C. Integer-Flying-Adder

For certain frequencies, the Flying-Adder architecture uses the periodical carry-in of the accumulator-register for compensation. The resulting time-average frequency contains inherent jitter in those cases. For applications of tight jitter requirement, this is not acceptable. The “Integer-Flying-Adder” presented in [3] eliminates the need of the fractional part in frequency control word $FREQ$ and the associated inherent jitter is nonexistent in this method. The tradeoff is the increasing complexity of the phase-locked loop (PLL).

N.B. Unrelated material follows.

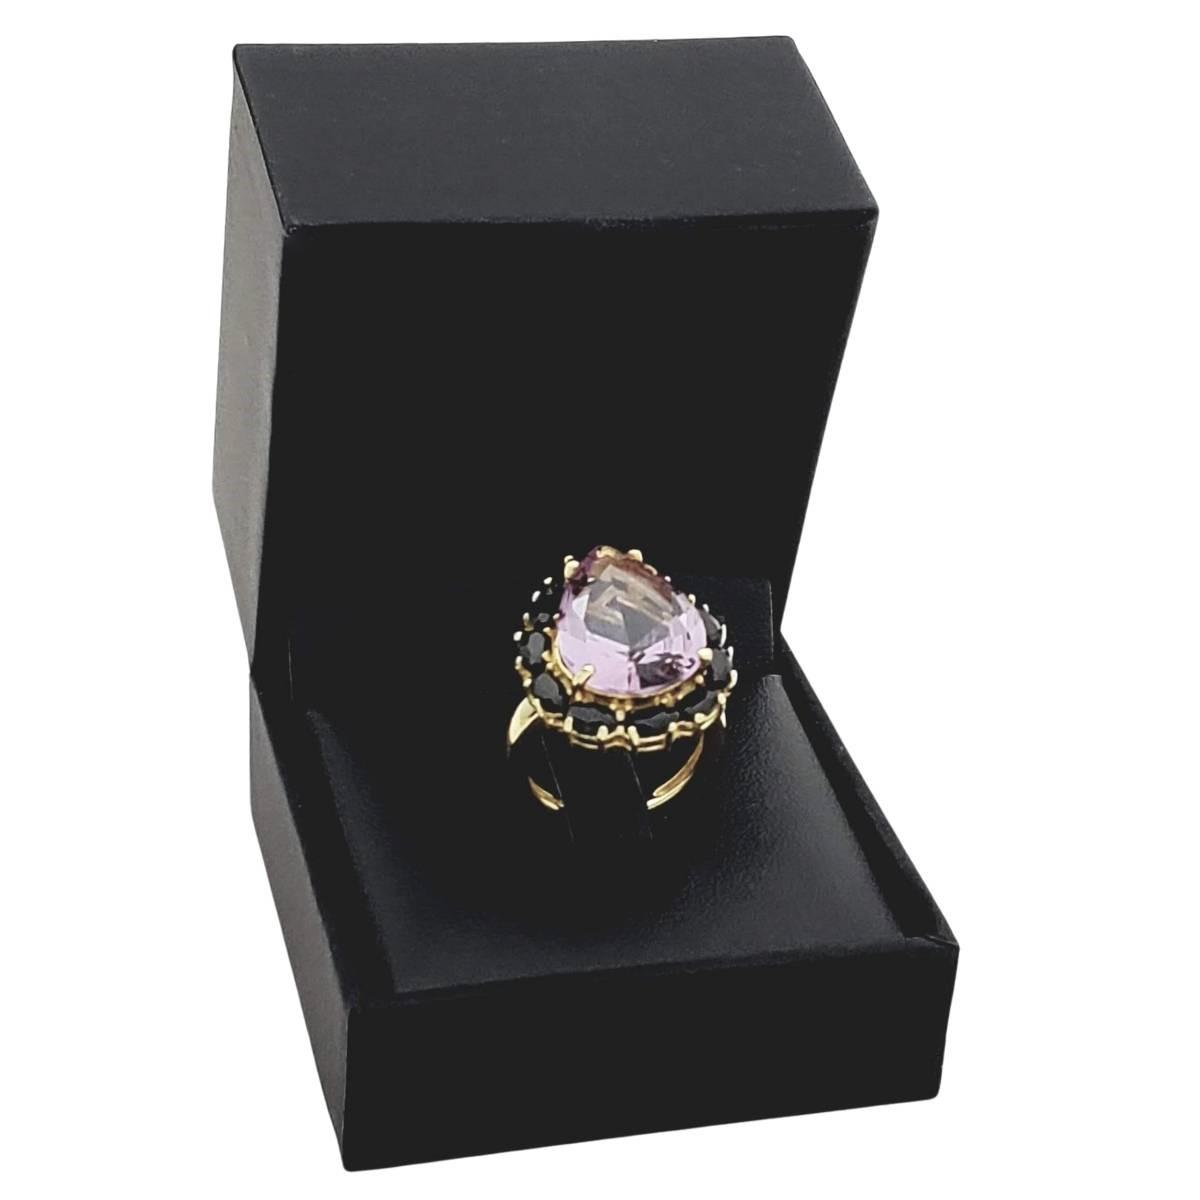 Anel Cristal Ametista Com Zirconias Negras Banho De Ouro 18k 2393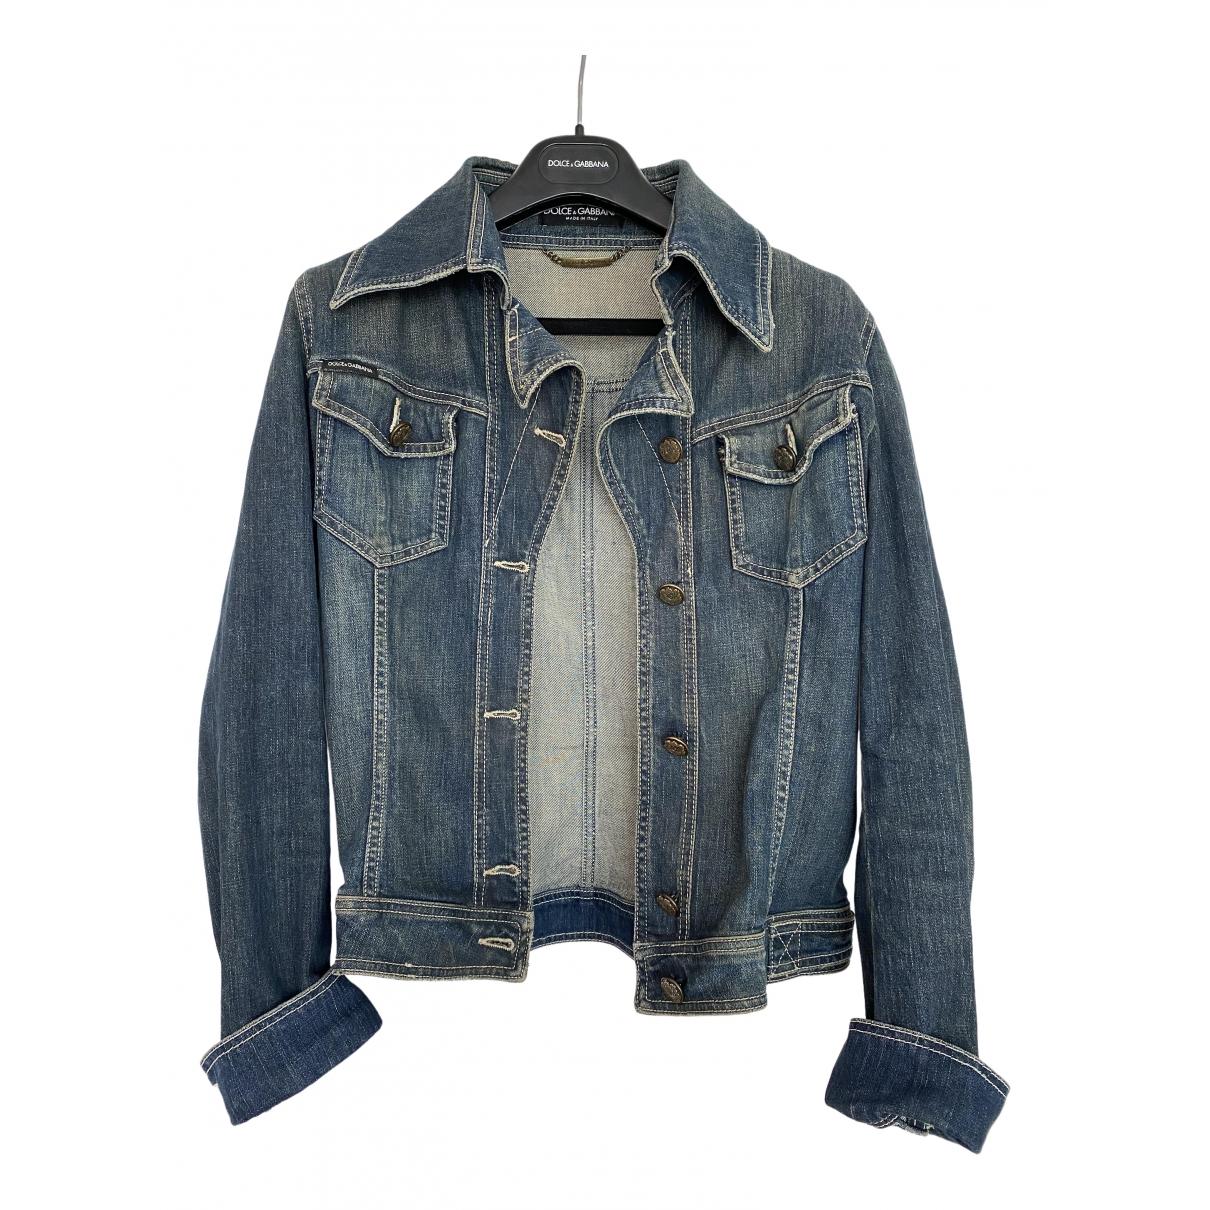 Dolce & Gabbana \N Blue Denim - Jeans jacket for Women 40 IT

III. THE NUMBER OF AVAILABLE PHASES

The Flying-Adder architecture is based on a VCO of $N$ outputs. These outputs, or ticks, will be used repetitively every time the accumulator rolls over. The number of outputs $N$ has direct impact on the synthesizable frequency points that are available from this architecture. It is obvious that the larger $N$ is, the more frequency points there will be. Fig. 4 shows the signal $Z$ of a certain frequency. $Z_{\text{DIV2}}$ and $Z_{\text{DIV4}}$ are the divided-down versions of this signal. If the one-path circuitry of Fig. 1 is used, then edges A, B, and C of a full cycle of $Z$ all have to be generated by this path. The maximum number of ticks available for a full cycle (from A to C) is $2N$ when both the falling edge B and rising edge C require the maximum number of ticks $N$ without the accumulator rolling over. For the two-path circuitry of Fig. 3, the maximum number of available ticks is also $2N$, but the rising and falling edges are generated by different paths. For a four-path version, as shown in Fig. 5 [2, Fig. 12], the maximum number of ticks is still $2N$ for signal $Z$ since any signal has only two edges in one cycle, but edges A, B, C, and D of two cycles are all generated from different paths. The advantage of using multiple paths is to relax the constraint on the speed of the accumulator [2]; it does not necessarily increase the number of available ticks for signal $Z$.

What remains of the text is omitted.